Project Structure (1) - Testing & Deployment - Full Stack Deep Learning
Based on The Full Stack's video on YouTube. If you like this content, support the original creators by watching, liking and subscribing to their content.
Separate the prediction system (input processing + trained weights + decision logic) from the training system (experiments and pipeline execution) and the serving system (scalable deployment of predictions).
Briefing
A practical full-stack deep learning setup hinges on separating three systems—prediction, training, and serving—and then testing each with the right kind of data at the right speed. The prediction system is more than TensorFlow or PyTorch code: it includes input-processing logic, the trained network weights, and any decision layer such as confidence thresholds that turn model outputs into final predictions. The training system then takes raw data, runs experiments, and produces the prediction system, while the serving system deploys it to production where it can scale with demand.
That separation matters because the data used during development is not the same as the data the model will face in production. Training and validation data feed the training system to generate the prediction system, but production time brings a fresh dataset the team cannot see in advance. Serving therefore becomes the place to test the end-to-end arrangement against “production-like” inputs—at least indirectly—through a testing and monitoring strategy.
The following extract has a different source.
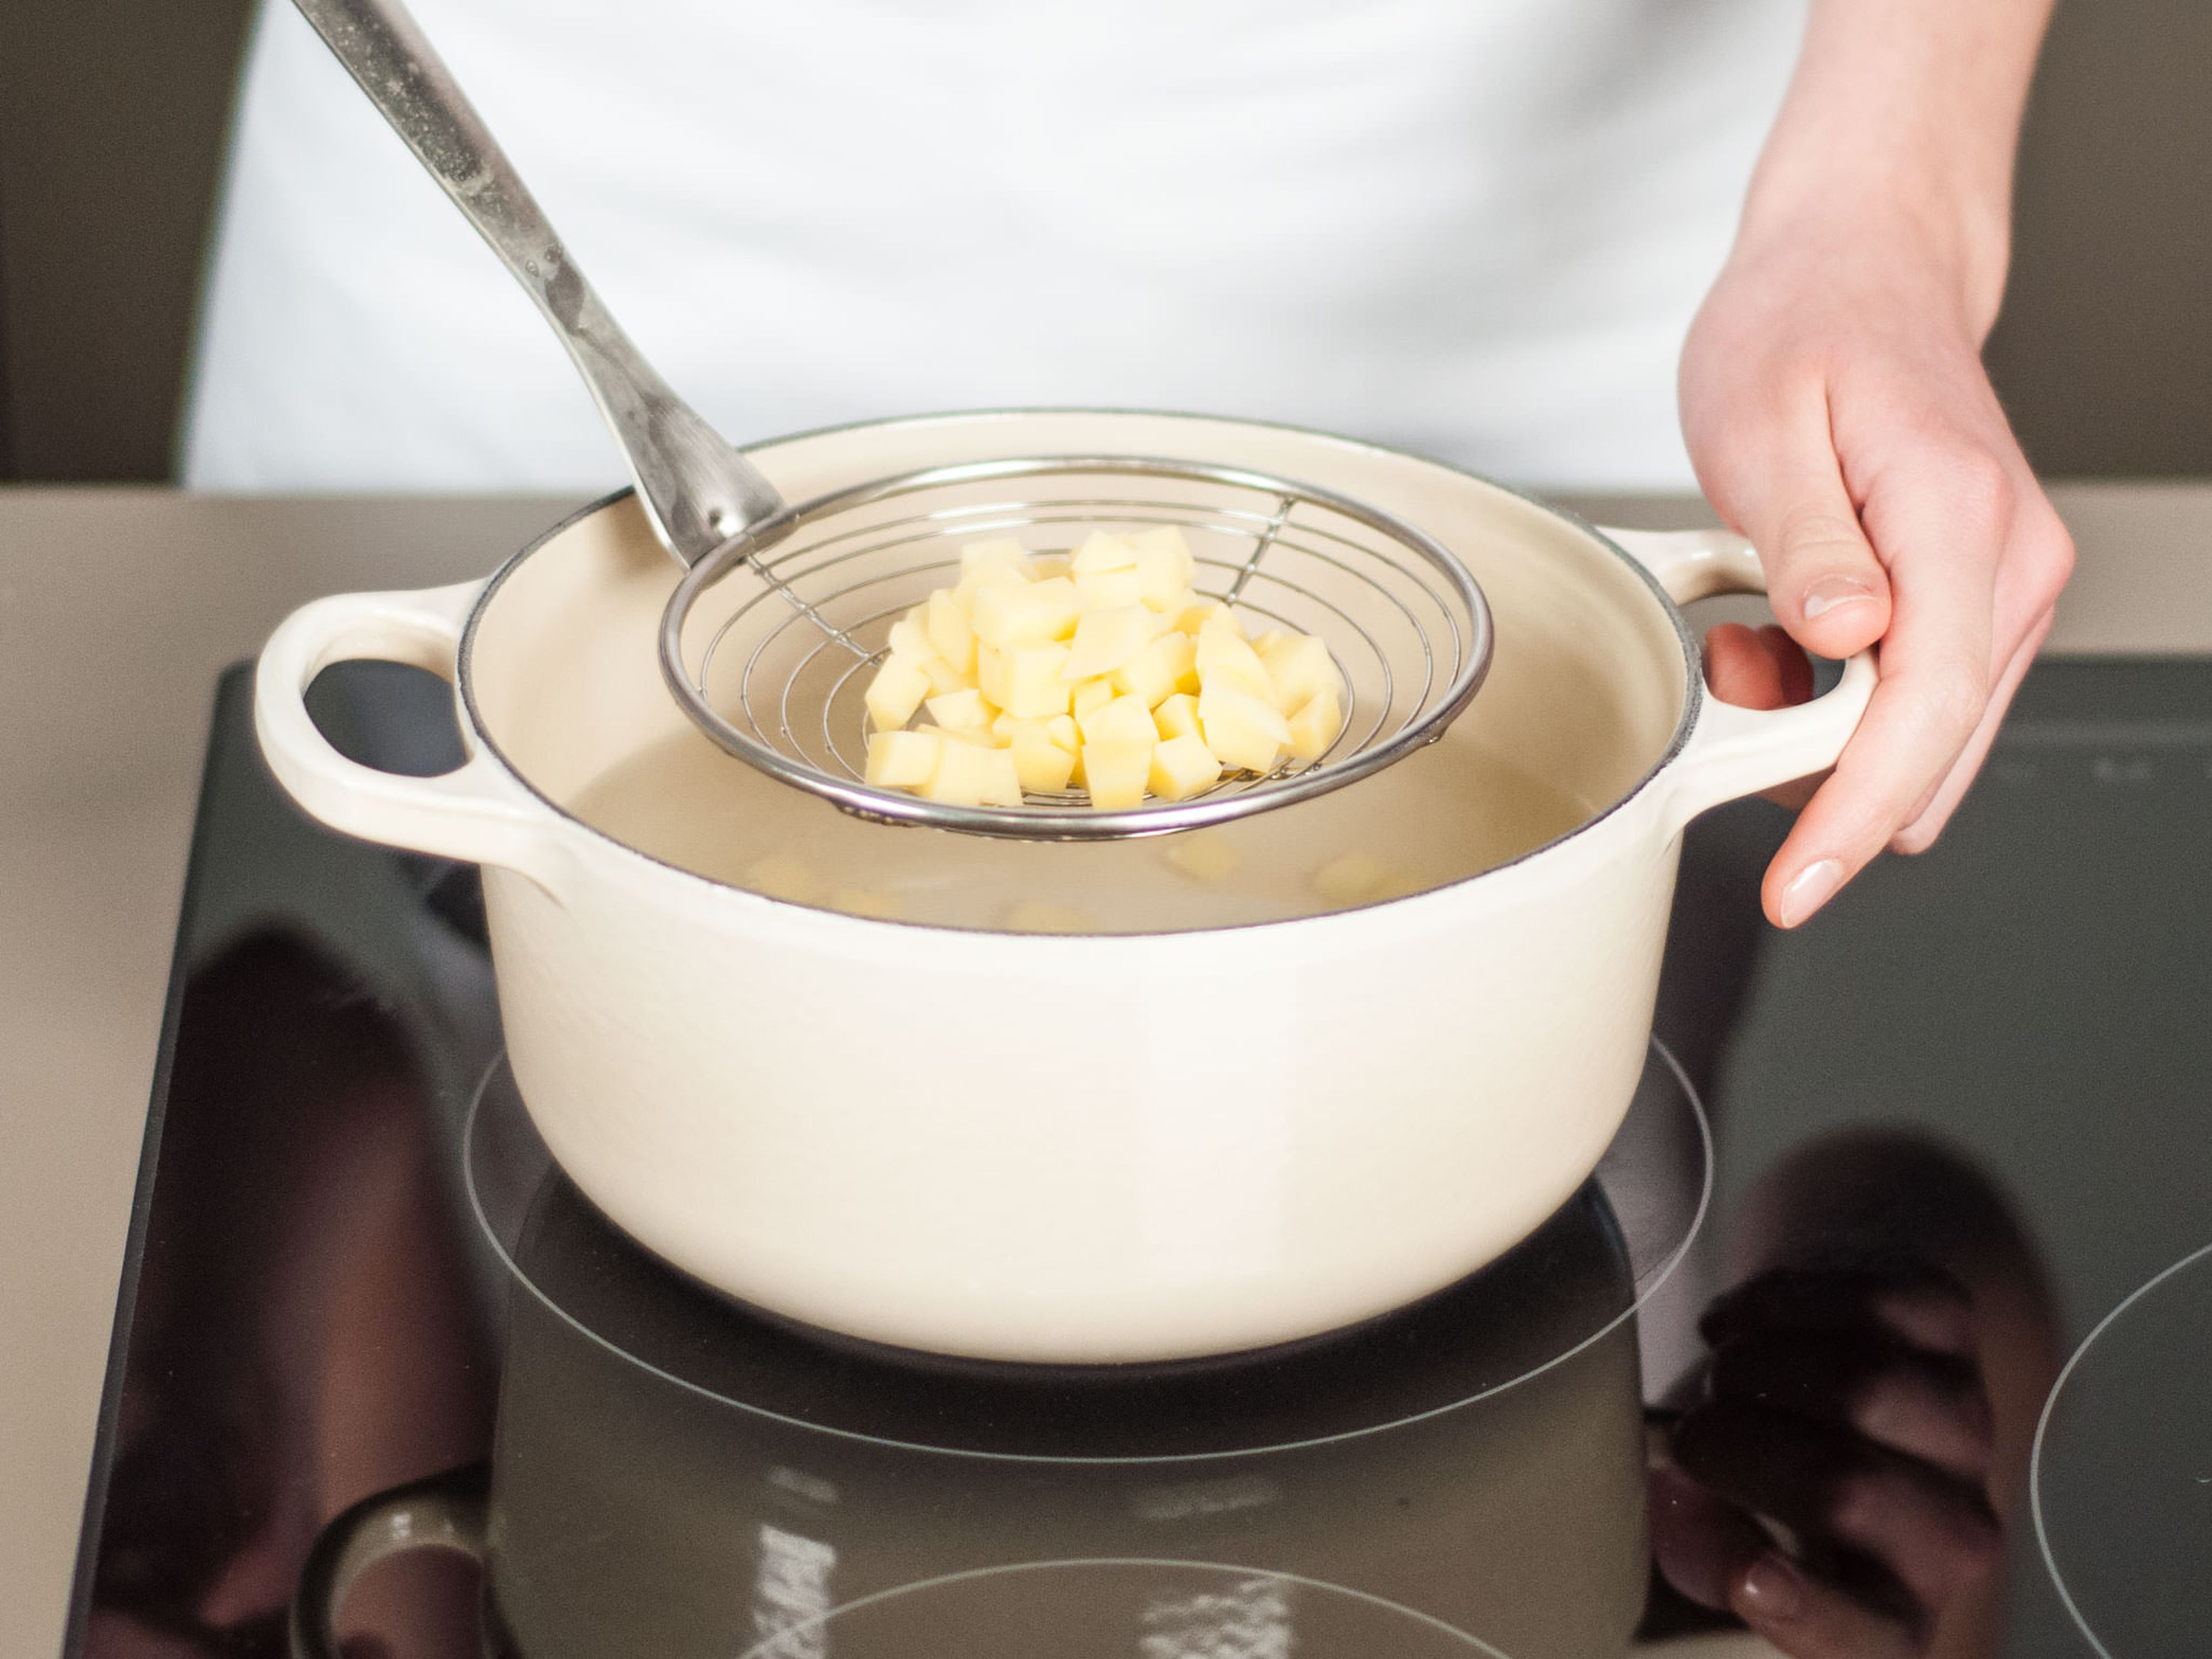 In another saucepan, bring lightly salted water to a boil. Add potato cubes and continue to cook for approx. 10 – 13 min. until cooked through. Then remove from water and set aside.

Testing is organized into three layers with different goals and time budgets. Functionality tests target the prediction system’s correctness on a small set of high-importance examples, ideally running in under five minutes so regressions get caught quickly as code changes. These tests should start from the same form of data the system will actually see in production—for an image model, that means real images rather than preprocessed placeholders. Validation tests broaden coverage by running the prediction on a much larger validation set—potentially millions of examples—using a form of data that may be preloaded (like a data frame with images already attached). The aim is to detect performance regressions every time code is pushed, with an expected runtime of minutes to hours.
Training-system tests focus on the entire pipeline, from the rawest possible data through preprocessing and training, because upstream changes can silently break results. These tests may take longer—up to a day—so they can run daily. They’re designed to catch issues such as data-source changes or dependency upgrades that alter data formatting. For example, a TensorFlow upgrade might not matter if only pandas changed; the model might still be trained on subtly different data next time, and only a full training pipeline test using production-like inputs would reliably surface that.
Finally, the workflow distinguishes testing from monitoring. Monitoring aims to detect failures in production—service downtime, runtime errors, and shifts in the distribution of incoming data—so the team can respond when the real world diverges from training assumptions. Together, fast functionality tests, broader validation tests, full-pipeline training tests, and ongoing monitoring form a cohesive defense against both code regressions and service/data regressions.
Cornell Notes
The system design for full-stack deep learning splits responsibilities across a prediction system, a training system, and a serving system. The prediction system includes input processing, trained weights, and decision logic like confidence thresholds. Training and validation data generate the prediction system, but serving must handle production data the team cannot pre-check. Testing is staged: functionality tests run quickly (under ~5 minutes) on a small set of production-form examples to catch code regressions; validation tests run in minutes to hours on much larger datasets to detect performance drops; training-system tests run daily (up to ~1 day) to catch upstream regressions from data-source or dependency changes. Monitoring then covers what tests can’t: production failures and data distribution shifts.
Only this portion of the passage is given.